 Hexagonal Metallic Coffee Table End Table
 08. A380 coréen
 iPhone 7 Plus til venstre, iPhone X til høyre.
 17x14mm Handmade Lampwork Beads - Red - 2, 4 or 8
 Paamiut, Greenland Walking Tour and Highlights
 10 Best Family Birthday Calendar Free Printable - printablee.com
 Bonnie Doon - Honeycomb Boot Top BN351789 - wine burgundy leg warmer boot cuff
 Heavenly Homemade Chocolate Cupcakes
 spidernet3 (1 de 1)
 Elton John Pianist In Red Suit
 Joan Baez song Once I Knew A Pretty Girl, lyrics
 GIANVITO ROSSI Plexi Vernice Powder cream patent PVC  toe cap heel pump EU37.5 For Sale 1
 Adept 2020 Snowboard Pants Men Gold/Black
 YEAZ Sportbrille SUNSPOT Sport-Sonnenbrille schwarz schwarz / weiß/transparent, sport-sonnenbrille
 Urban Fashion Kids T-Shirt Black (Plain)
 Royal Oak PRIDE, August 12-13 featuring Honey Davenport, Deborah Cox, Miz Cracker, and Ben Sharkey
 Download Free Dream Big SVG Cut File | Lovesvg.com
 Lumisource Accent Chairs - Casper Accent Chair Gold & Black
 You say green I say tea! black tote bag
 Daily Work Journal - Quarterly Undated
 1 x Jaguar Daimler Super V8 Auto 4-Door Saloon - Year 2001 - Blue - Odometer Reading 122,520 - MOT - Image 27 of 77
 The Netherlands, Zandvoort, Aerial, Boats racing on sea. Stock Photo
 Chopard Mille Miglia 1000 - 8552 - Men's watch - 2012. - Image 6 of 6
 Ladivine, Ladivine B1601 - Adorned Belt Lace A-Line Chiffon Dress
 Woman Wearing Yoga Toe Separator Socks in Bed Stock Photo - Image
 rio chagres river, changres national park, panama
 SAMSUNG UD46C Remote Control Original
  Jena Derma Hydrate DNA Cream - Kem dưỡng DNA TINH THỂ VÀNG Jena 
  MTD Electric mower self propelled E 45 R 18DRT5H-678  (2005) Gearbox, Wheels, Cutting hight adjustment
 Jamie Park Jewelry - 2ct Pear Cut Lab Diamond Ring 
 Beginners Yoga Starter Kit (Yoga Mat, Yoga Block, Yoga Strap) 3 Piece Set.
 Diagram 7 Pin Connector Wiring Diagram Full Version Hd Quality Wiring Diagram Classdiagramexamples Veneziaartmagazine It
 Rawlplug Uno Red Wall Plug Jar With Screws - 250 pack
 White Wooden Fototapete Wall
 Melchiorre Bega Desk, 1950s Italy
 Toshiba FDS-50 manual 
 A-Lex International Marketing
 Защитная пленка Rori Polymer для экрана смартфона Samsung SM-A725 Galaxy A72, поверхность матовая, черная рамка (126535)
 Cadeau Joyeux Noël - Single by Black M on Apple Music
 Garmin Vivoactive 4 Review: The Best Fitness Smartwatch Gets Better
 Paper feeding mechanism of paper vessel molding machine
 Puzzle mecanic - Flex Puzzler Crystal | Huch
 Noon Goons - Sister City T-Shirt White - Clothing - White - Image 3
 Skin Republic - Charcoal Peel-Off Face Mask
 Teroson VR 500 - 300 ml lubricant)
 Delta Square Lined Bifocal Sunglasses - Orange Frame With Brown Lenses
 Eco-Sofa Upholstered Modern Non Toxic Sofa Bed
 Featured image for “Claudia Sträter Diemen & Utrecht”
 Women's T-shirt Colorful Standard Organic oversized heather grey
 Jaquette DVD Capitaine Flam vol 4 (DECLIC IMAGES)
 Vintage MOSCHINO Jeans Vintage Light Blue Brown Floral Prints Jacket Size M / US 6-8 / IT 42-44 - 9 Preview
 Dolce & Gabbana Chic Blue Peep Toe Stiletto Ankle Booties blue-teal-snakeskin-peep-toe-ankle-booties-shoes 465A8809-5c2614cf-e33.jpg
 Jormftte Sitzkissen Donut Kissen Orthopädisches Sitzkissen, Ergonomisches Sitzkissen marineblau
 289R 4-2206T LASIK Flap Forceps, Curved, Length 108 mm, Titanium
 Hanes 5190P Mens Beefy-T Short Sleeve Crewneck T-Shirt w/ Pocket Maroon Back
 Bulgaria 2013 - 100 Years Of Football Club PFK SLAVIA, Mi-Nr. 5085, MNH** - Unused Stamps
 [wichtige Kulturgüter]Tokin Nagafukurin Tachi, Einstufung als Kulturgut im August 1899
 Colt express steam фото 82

---

= Exercise objective =
In full and word for word, set down the records shown above.

= Result of the task =
 Hexagonal Metallic Coffee Table End Table
 08. A380 coréen
 iPhone 7 Plus til venstre, iPhone X til høyre.
 17x14mm Handmade Lampwork Beads - Red - 2, 4 or 8
 Paamiut, Greenland Walking Tour and Highlights
 10 Best Family Birthday Calendar Free Printable - printablee.com
 Bonnie Doon - Honeycomb Boot Top BN351789 - wine burgundy leg warmer boot cuff
 Heavenly Homemade Chocolate Cupcakes
 spidernet3 (1 de 1)
 Elton John Pianist In Red Suit
 Joan Baez song Once I Knew A Pretty Girl, lyrics
 GIANVITO ROSSI Plexi Vernice Powder cream patent PVC  toe cap heel pump EU37.5 For Sale 1
 Adept 2020 Snowboard Pants Men Gold/Black
 YEAZ Sportbrille SUNSPOT Sport-Sonnenbrille schwarz schwarz / weiß/transparent, sport-sonnenbrille
 Urban Fashion Kids T-Shirt Black (Plain)
 Royal Oak PRIDE, August 12-13 featuring Honey Davenport, Deborah Cox, Miz Cracker, and Ben Sharkey
 Download Free Dream Big SVG Cut File | Lovesvg.com
 Lumisource Accent Chairs - Casper Accent Chair Gold & Black
 You say green I say tea! black tote bag
 Daily Work Journal - Quarterly Undated
 1 x Jaguar Daimler Super V8 Auto 4-Door Saloon - Year 2001 - Blue - Odometer Reading 122,520 - MOT - Image 27 of 77
 The Netherlands, Zandvoort, Aerial, Boats racing on sea. Stock Photo
 Chopard Mille Miglia 1000 - 8552 - Men's watch - 2012. - Image 6 of 6
 Ladivine, Ladivine B1601 - Adorned Belt Lace A-Line Chiffon Dress
 Woman Wearing Yoga Toe Separator Socks in Bed Stock Photo - Image
 rio chagres river, changres national park, panama
 SAMSUNG UD46C Remote Control Original
  Jena Derma Hydrate DNA Cream - Kem dưỡng DNA TINH THỂ VÀNG Jena 
  MTD Electric mower self propelled E 45 R 18DRT5H-678  (2005) Gearbox, Wheels, Cutting hight adjustment
 Jamie Park Jewelry - 2ct Pear Cut Lab Diamond Ring 
 Beginners Yoga Starter Kit (Yoga Mat, Yoga Block, Yoga Strap) 3 Piece Set.
 Diagram 7 Pin Connector Wiring Diagram Full Version Hd Quality Wiring Diagram Classdiagramexamples Veneziaartmagazine It
 Rawlplug Uno Red Wall Plug Jar With Screws - 250 pack
 White Wooden Fototapete Wall
 Melchiorre Bega Desk, 1950s Italy
 Toshiba FDS-50 manual 
 A-Lex International Marketing
 Защитная пленка Rori Polymer для экрана смартфона Samsung SM-A725 Galaxy A72, поверхность матовая, черная рамка (126535)
 Cadeau Joyeux Noël - Single by Black M on Apple Music
 Garmin Vivoactive 4 Review: The Best Fitness Smartwatch Gets Better
 Paper feeding mechanism of paper vessel molding machine
 Puzzle mecanic - Flex Puzzler Crystal | Huch
 Noon Goons - Sister City T-Shirt White - Clothing - White - Image 3
 Skin Republic - Charcoal Peel-Off Face Mask
 Teroson VR 500 - 300 ml lubricant)
 Delta Square Lined Bifocal Sunglasses - Orange Frame With Brown Lenses
 Eco-Sofa Upholstered Modern Non Toxic Sofa Bed
 Featured image for “Claudia Sträter Diemen & Utrecht”
 Women's T-shirt Colorful Standard Organic oversized heather grey
 Jaquette DVD Capitaine Flam vol 4 (DECLIC IMAGES)
 Vintage MOSCHINO Jeans Vintage Light Blue Brown Floral Prints Jacket Size M / US 6-8 / IT 42-44 - 9 Preview
 Dolce & Gabbana Chic Blue Peep Toe Stiletto Ankle Booties blue-teal-snakeskin-peep-toe-ankle-booties-shoes 465A8809-5c2614cf-e33.jpg
 Jormftte Sitzkissen Donut Kissen Orthopädisches Sitzkissen, Ergonomisches Sitzkissen marineblau
 289R 4-2206T LASIK Flap Forceps, Curved, Length 108 mm, Titanium
 Hanes 5190P Mens Beefy-T Short Sleeve Crewneck T-Shirt w/ Pocket Maroon Back
 Bulgaria 2013 - 100 Years Of Football Club PFK SLAVIA, Mi-Nr. 5085, MNH** - Unused Stamps
 [wichtige Kulturgüter]Tokin Nagafukurin Tachi, Einstufung als Kulturgut im August 1899
 Colt express steam фото 82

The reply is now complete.